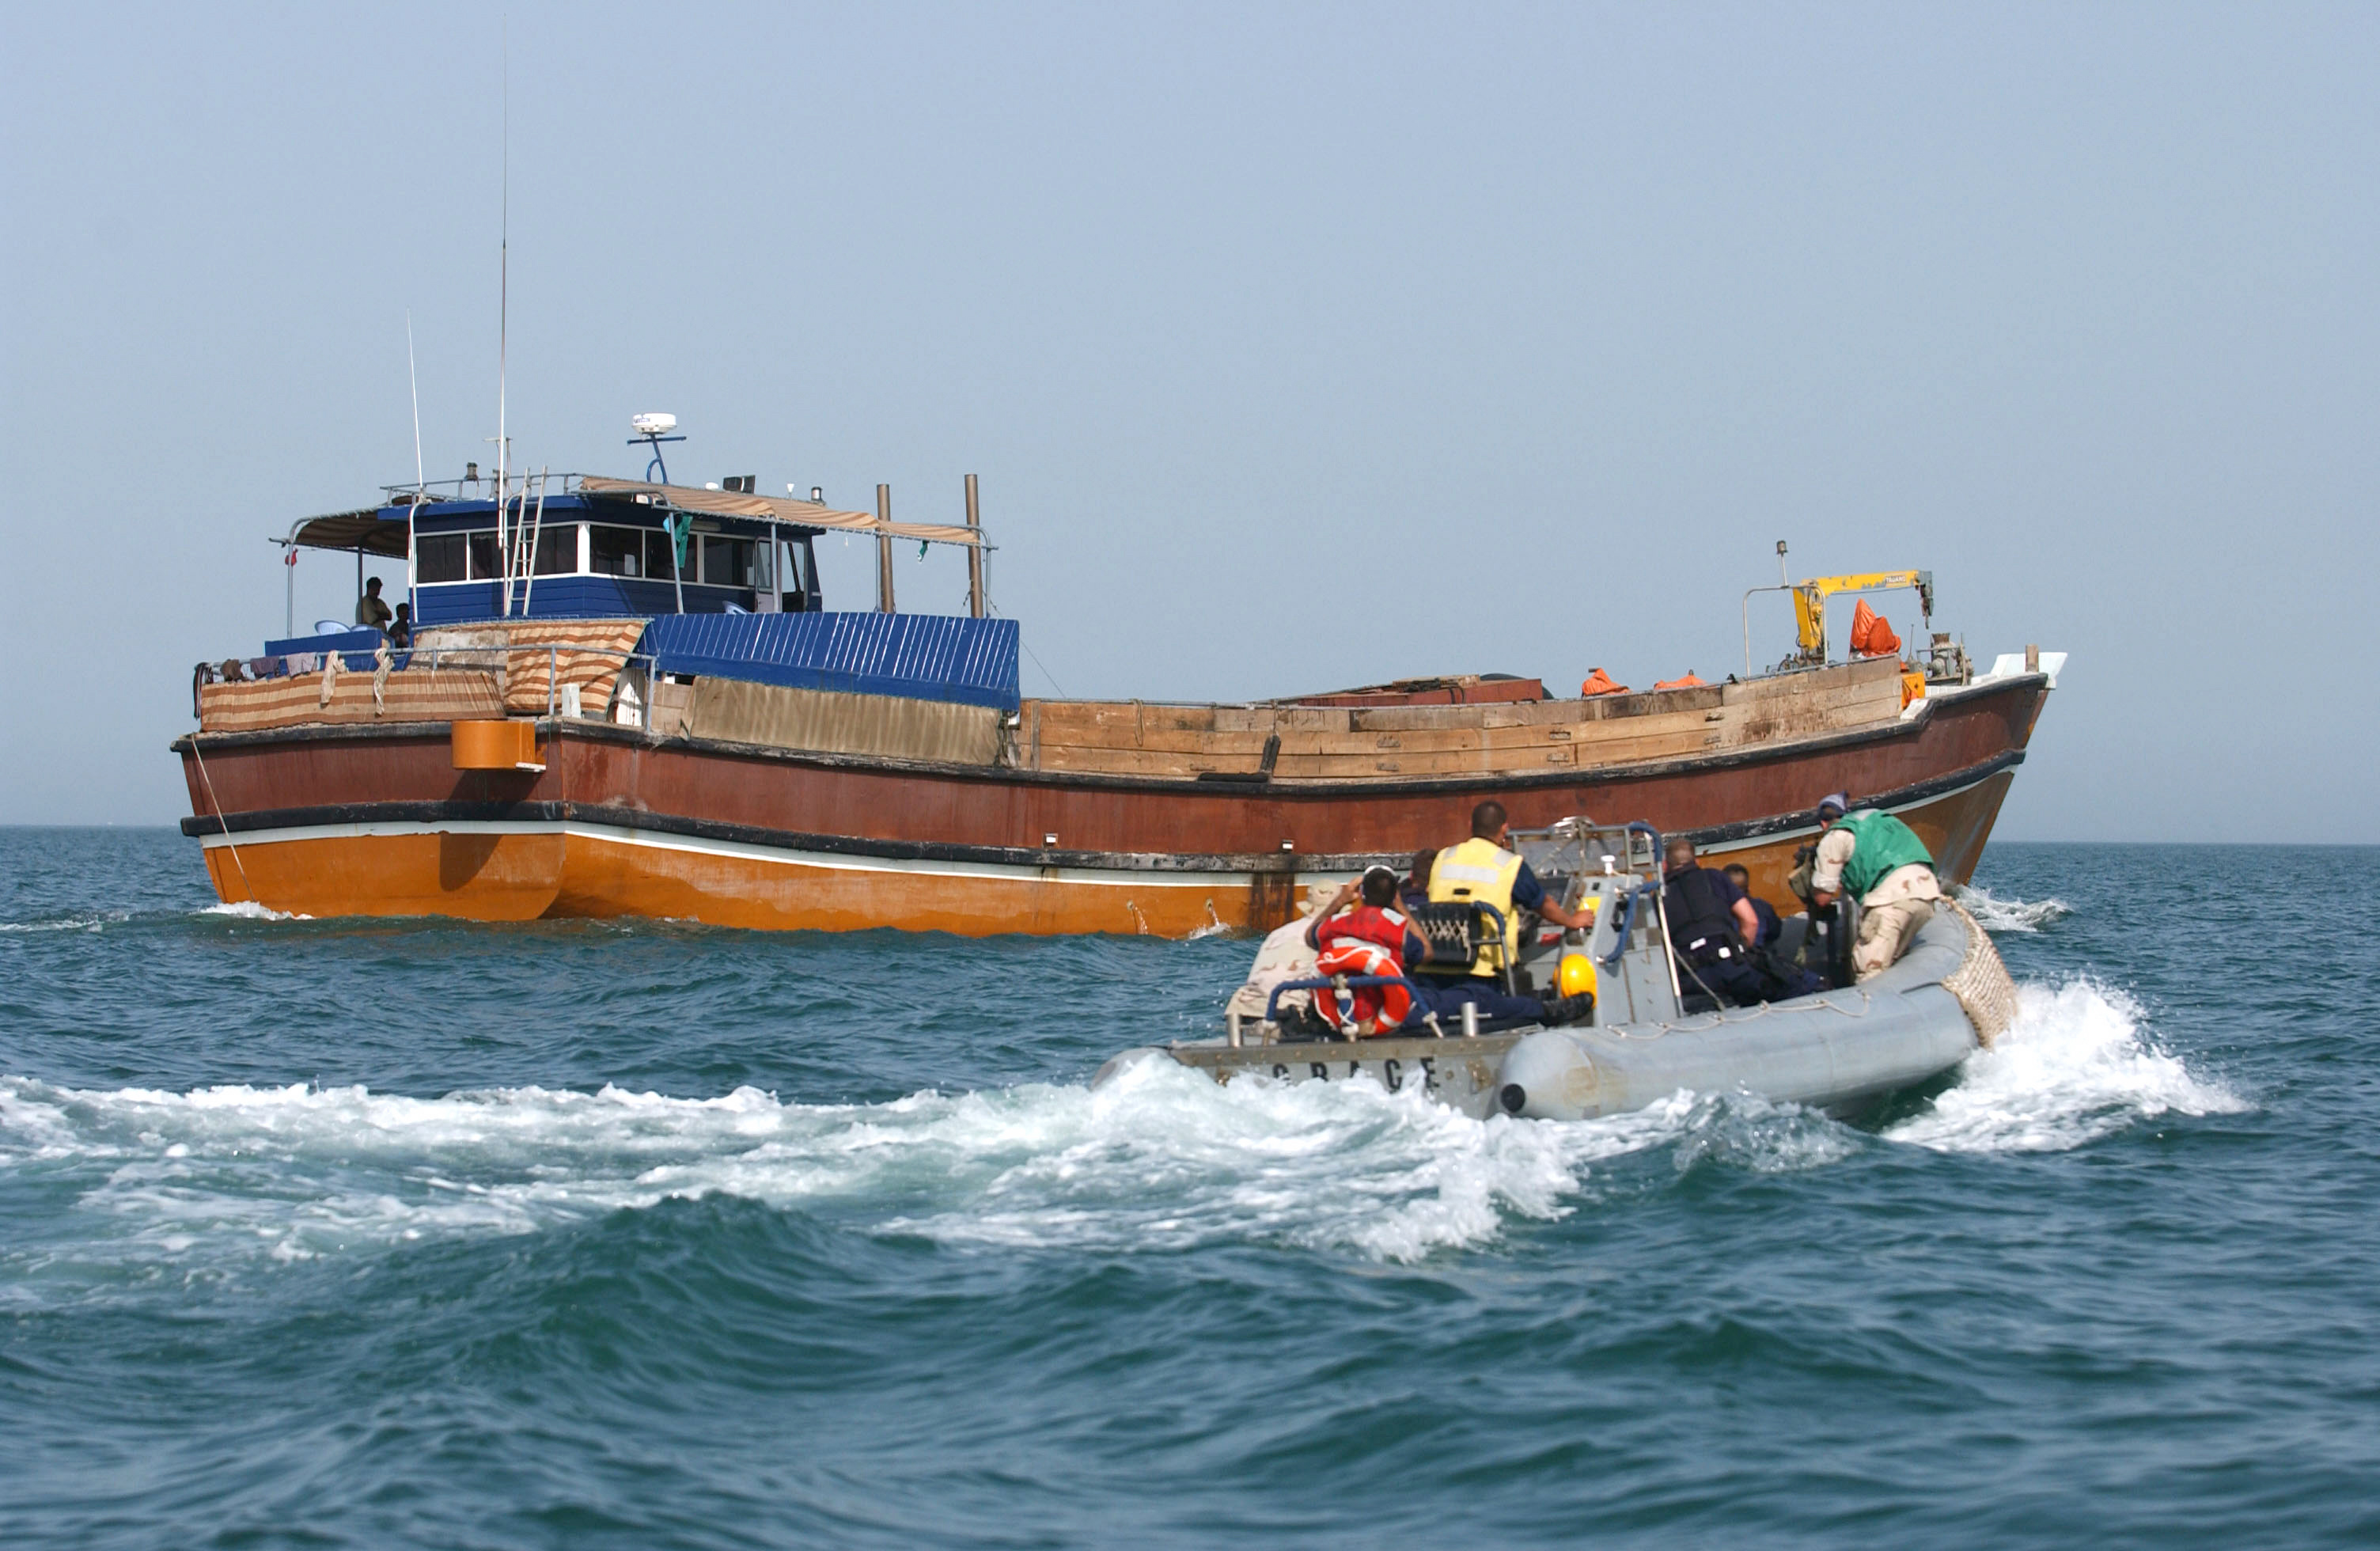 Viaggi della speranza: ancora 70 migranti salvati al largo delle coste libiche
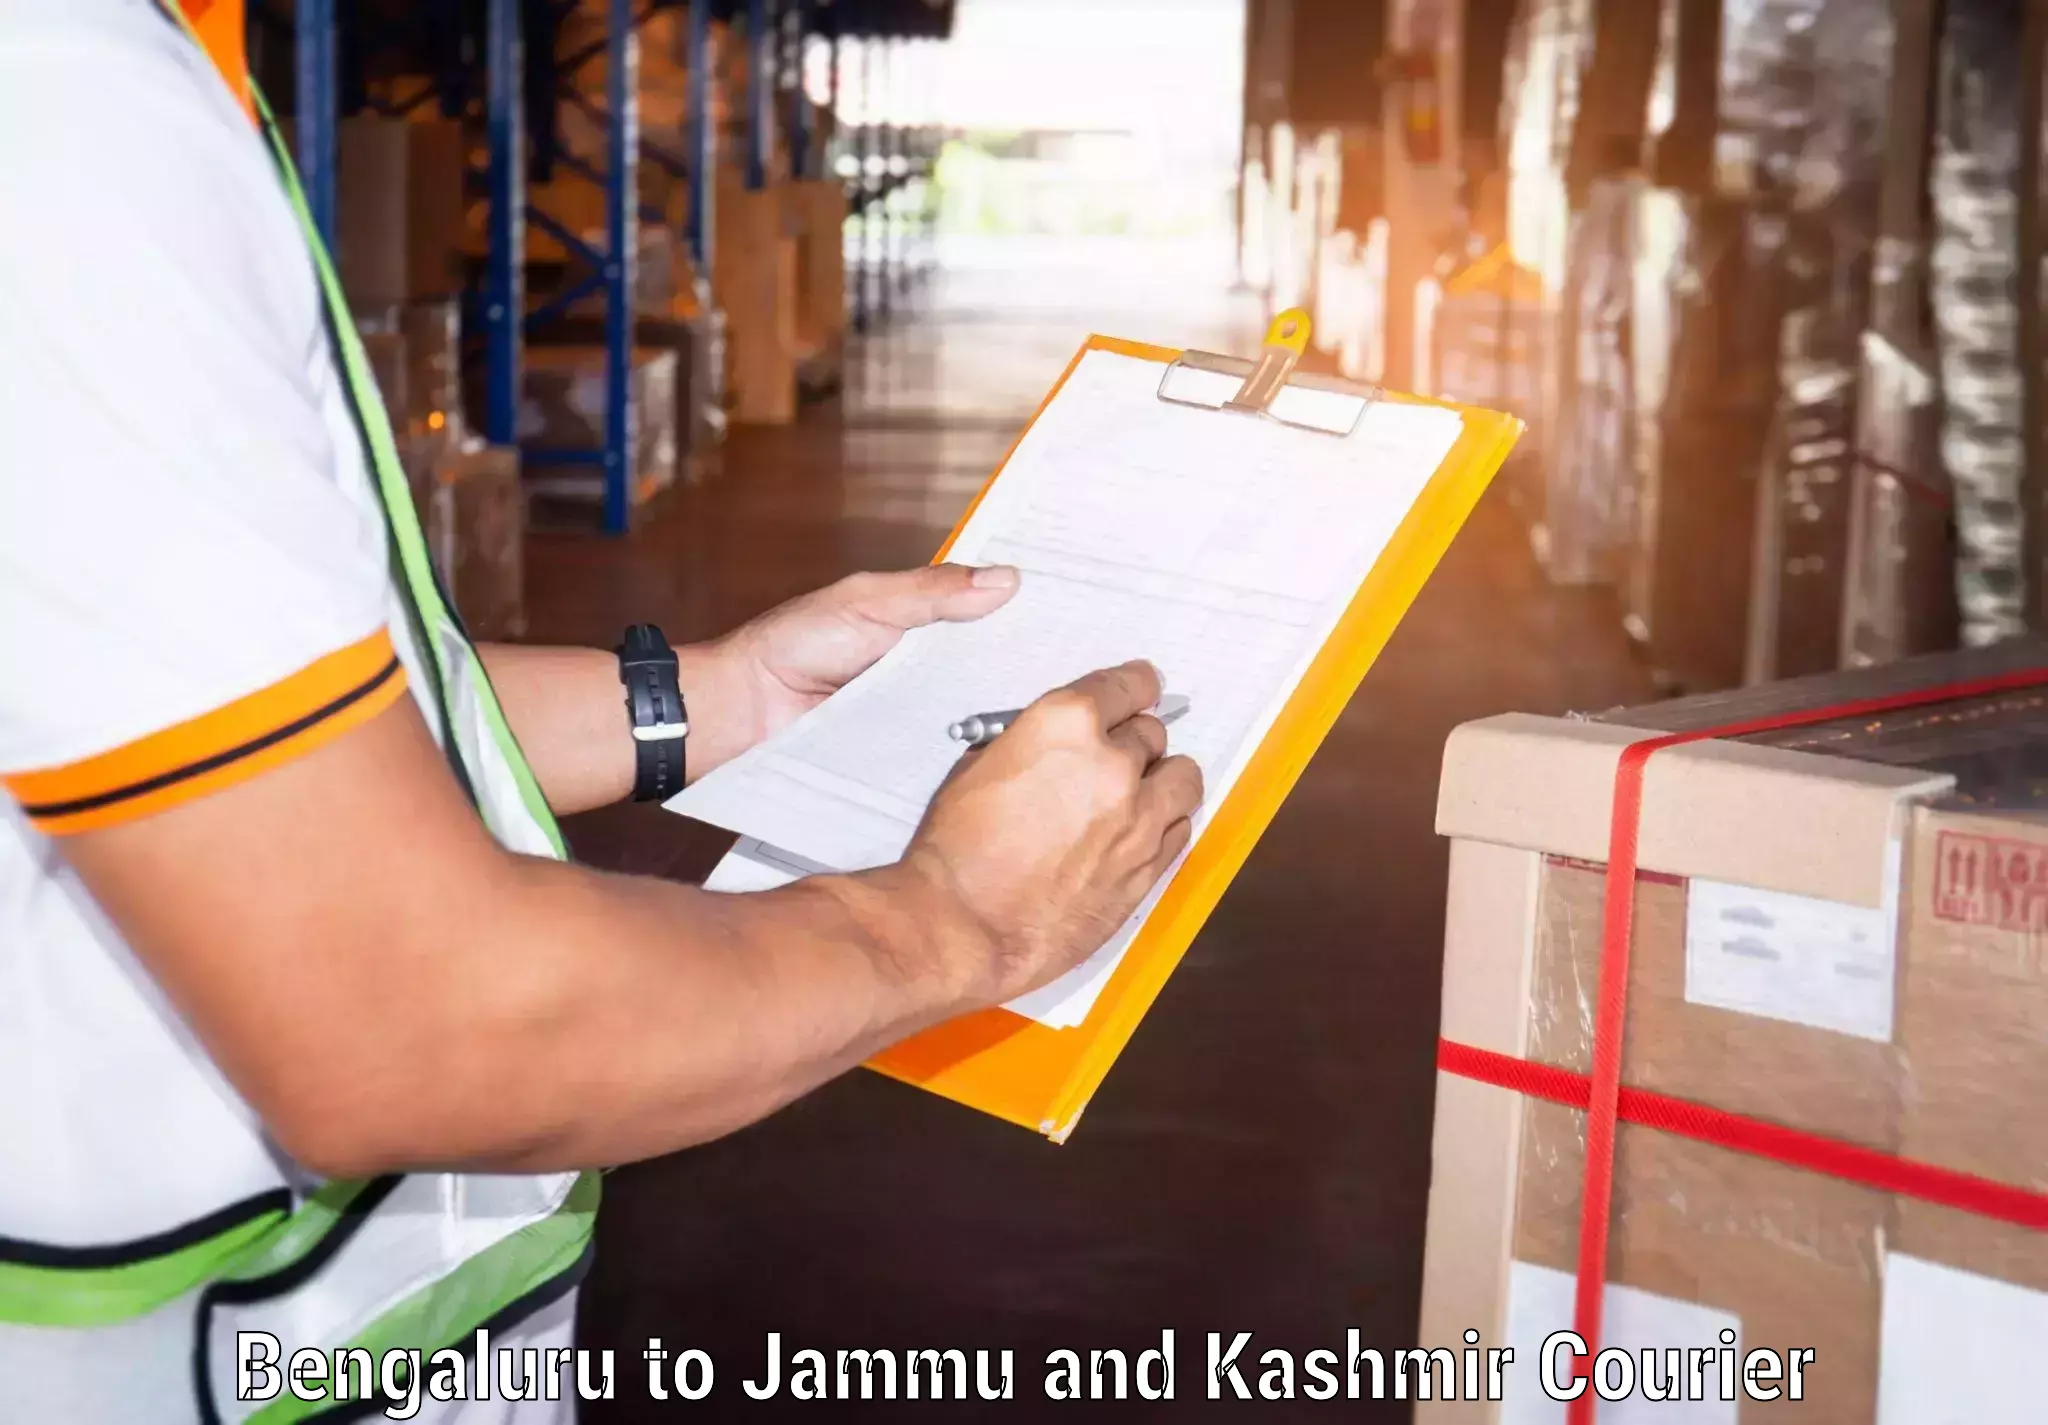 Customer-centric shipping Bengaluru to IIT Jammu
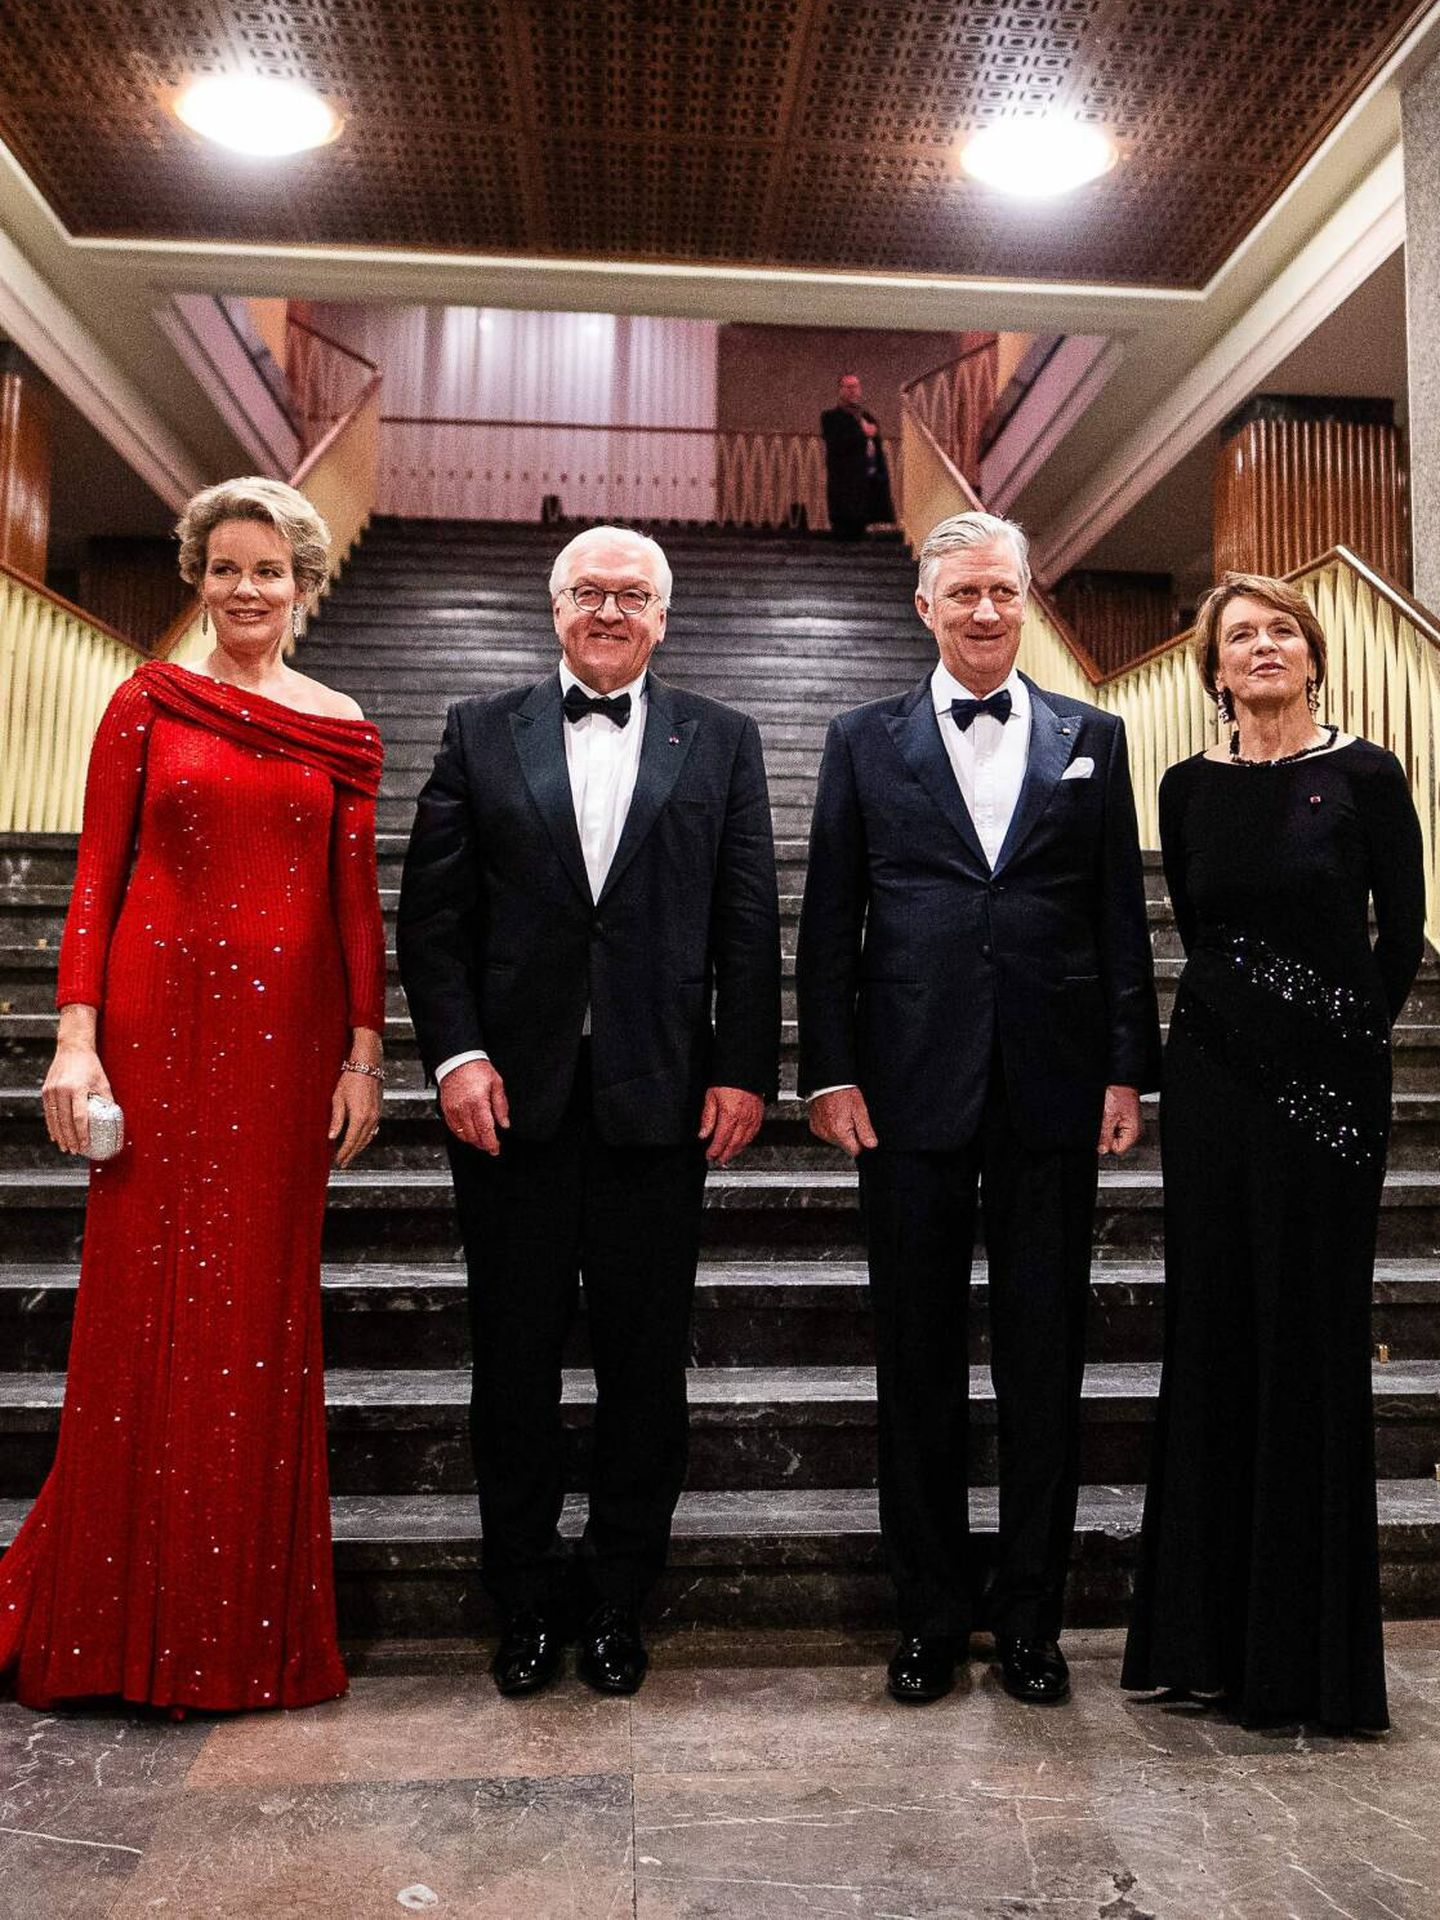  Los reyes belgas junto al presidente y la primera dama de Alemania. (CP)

::::::::::

**Task to carry out**
Line by line and exactly, write out the material above. Skip the pictures.

**Solution**
 Viaggi della speranza: ancora 70 migranti salvati al largo delle coste libiche
 Customer-centric shipping Bengaluru to IIT Jammu
  Los reyes belgas junto al presidente y la primera dama de Alemania. (CP)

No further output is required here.